Human Ground Truth: Three human annotators provided:
1. Likert Scale Ratings: 1 (very verbose) to 5 (very concise).
2. Pairwise Comparisons: Ranking which of two answers was more concise.
Baselines:
1. GPT Score: An LLM assigning a 0–10 numeric score for conciseness.
2. GPT Ranking: An LLM selecting the more concise answer in a pair.
Judges: Multiple LLMs (GPT-4o, Claude-4, Gemini-2.0, Mistral-Large-2) were used as evaluators to ensure robustness against model-specific bias.

4. Key Results

The study evaluated ConCISE against human judgments using Spearman's rank correlation ( $r_s$ ) and Kendall's Tau ( $\tau$ ), as well as pairwise accuracy.

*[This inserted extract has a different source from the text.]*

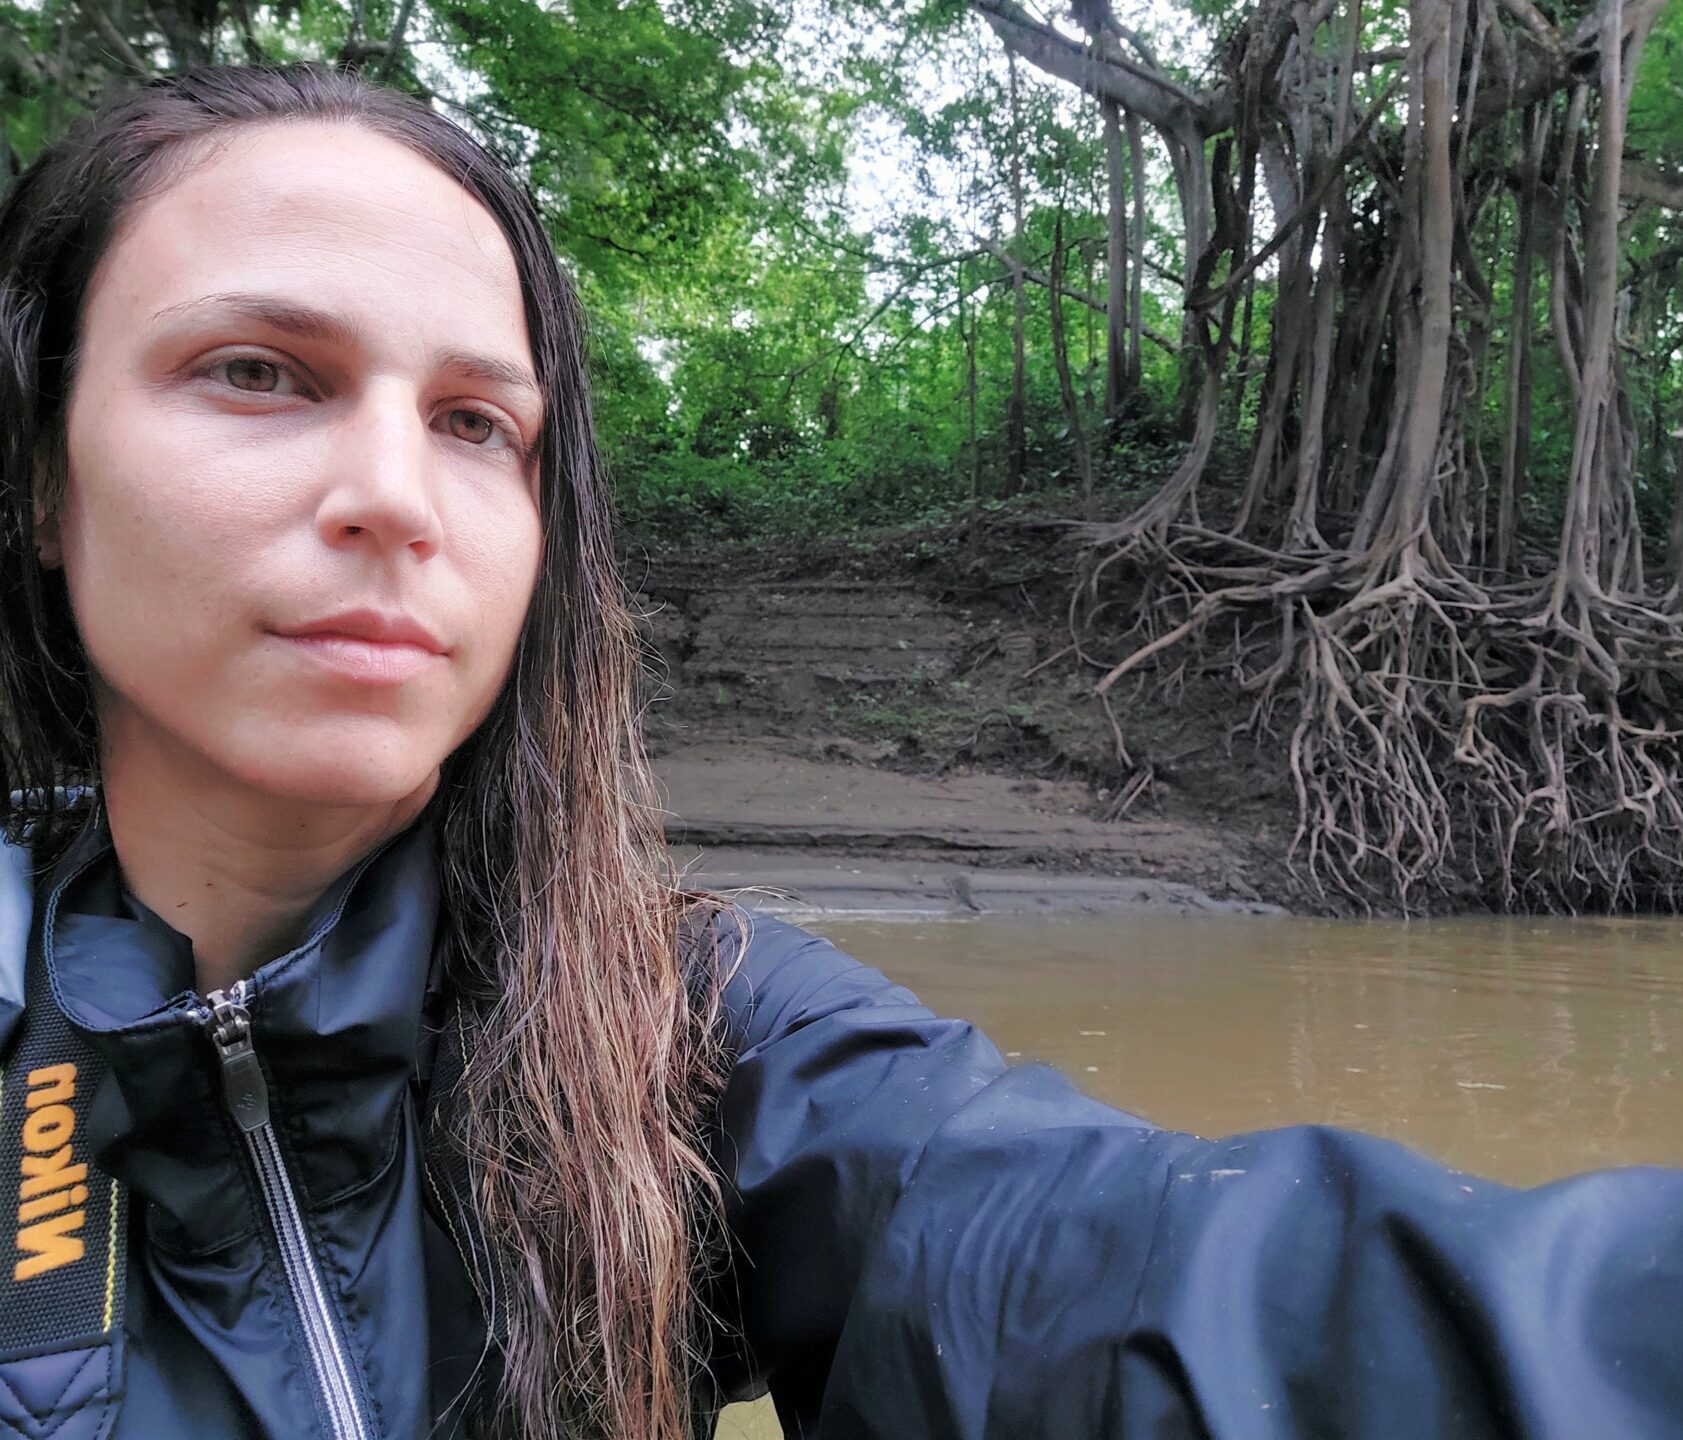 Woman with long brown hair, wearing a dark blue raincoat and a camera around her neck, in front of a muddy river with trees in the background

Correlation with Human Ratings:
- ConCISE (GPT-4o Judge): Achieved the strongest correlation with human Likert ratings ( $r_s = 0.628$ , $\tau = 0.523$ ), both statistically significant ( $p < 0.001$ ).
- Other LLM Judges: ConCISE remained effective across different judge models (Claude-4, Gemini-2.0, Mistral), with $r_s$ ranging from 0.47 to 0.54.
- Baseline Failure: The "GPT Score" baseline showed weak/negative correlation ( $r_s = -0.108$ ), suggesting direct numeric scoring prompts are unreliable for conciseness.
Pairwise Accuracy:
- ConCISE: Achieved 94% accuracy in aligning with human preferences when choosing the more concise answer between two options.
- GPT Ranking Baseline: Only achieved 39% accuracy, performing barely better than random chance.

5. Key Contributions

Novel Reference-Free Metric: Introduction of ConCISE, the first mechanism to assess LLM output length and redundancy without requiring gold-standard reference answers.
Three-Pronged Compression Approach: A unique methodology combining abstractive summarization, extractive summarization, and word-removal pruning to quantify non-essential content.
Empirical Validation: Demonstration that ConCISE significantly outperforms direct LLM scoring and ranking baselines, showing high alignment with human judgment in both rating and ranking tasks.

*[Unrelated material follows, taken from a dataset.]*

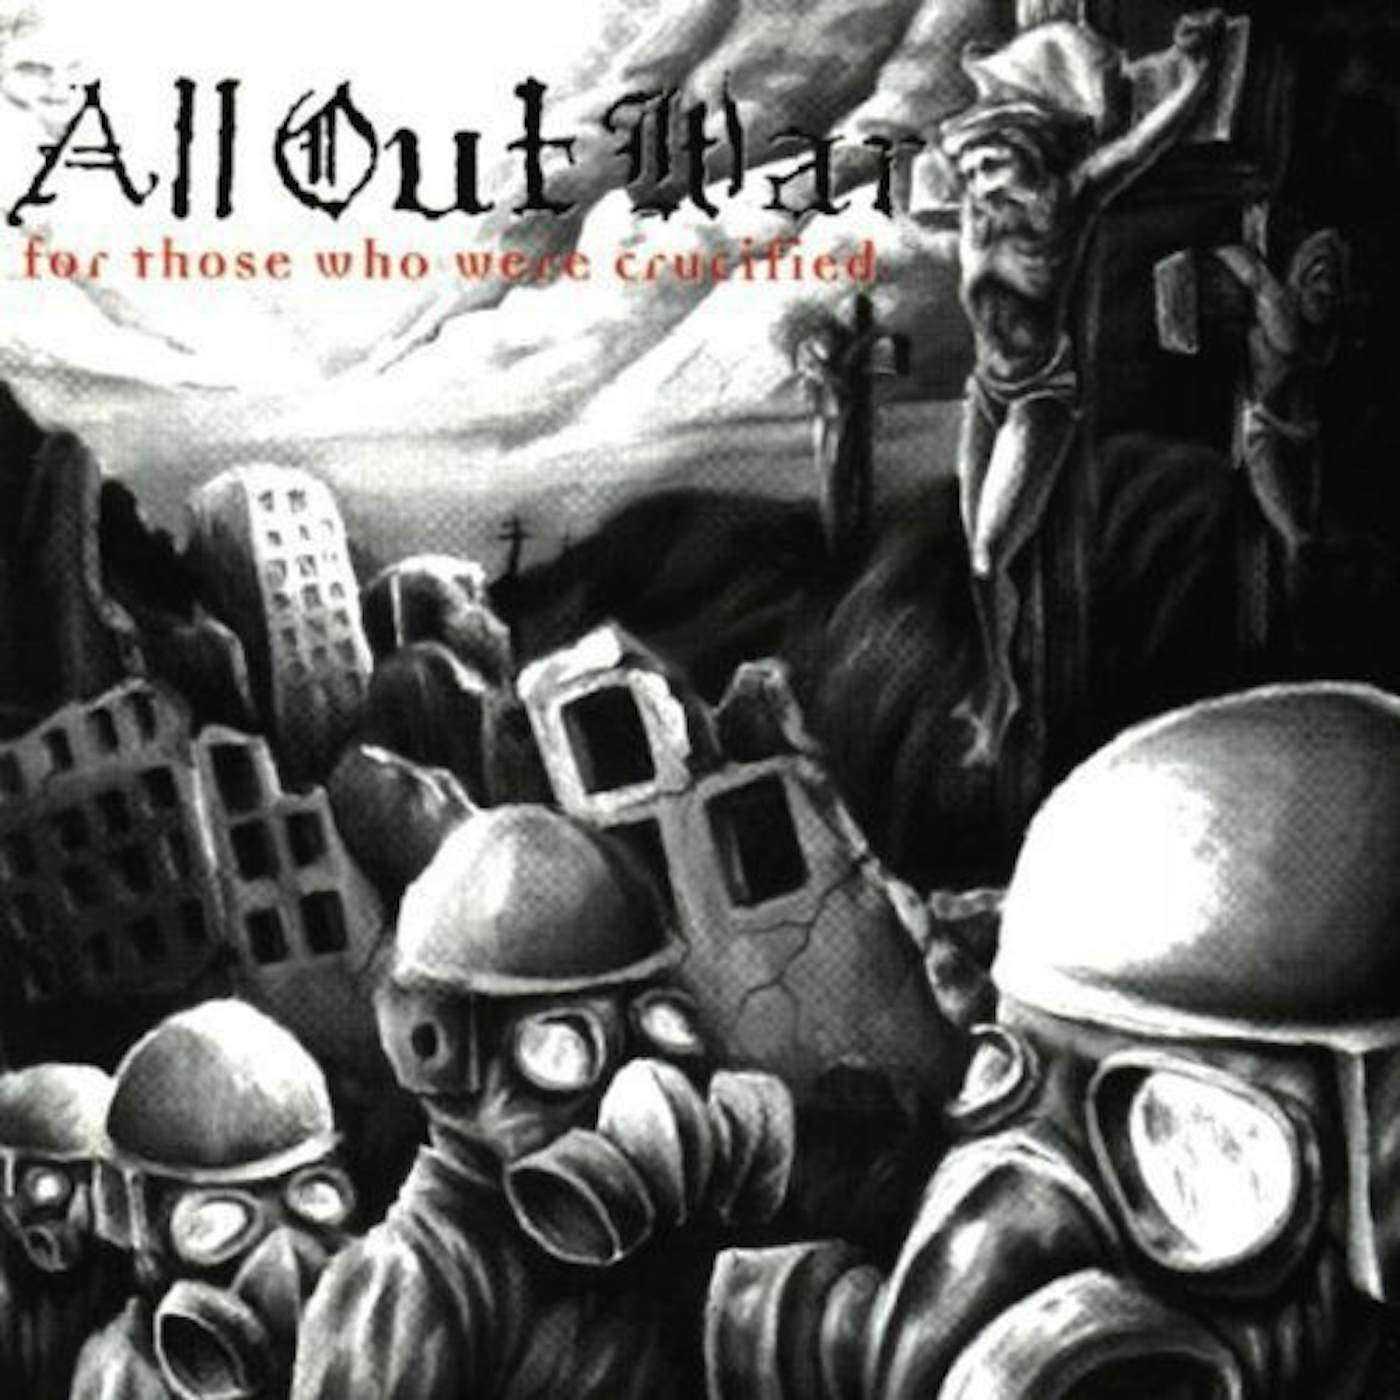 All Out War For Those Who Were Crucified Vinyl Record

6. Significance and Limitations

Significance:

Cost & Efficiency: Provides a practical tool for developers to automatically detect and penalize verbose outputs, potentially reducing token costs and improving user experience in conversational AI.
Scalability: Eliminates the need for expensive and time-consuming human annotation of reference texts, making it suitable for large-scale evaluation.
Reliability: Proves that LLMs can be effectively used as "judges" for brevity if the evaluation is structured around compression rather than direct scoring.

Limitations & Future Work:

Context Dependency: The definition of "non-essential" varies by domain (e.g., regulatory details in finance are verbose but necessary). The current metric may struggle with domain-specific nuances.
Prompt Bias: Using a single prompt to generate all three compression types might introduce cross-technique bias. Future work suggests using separate prompts for each technique.
Generalizability: While effective on WikiEval, broader validation across diverse datasets and industries is required to establish universal robustness.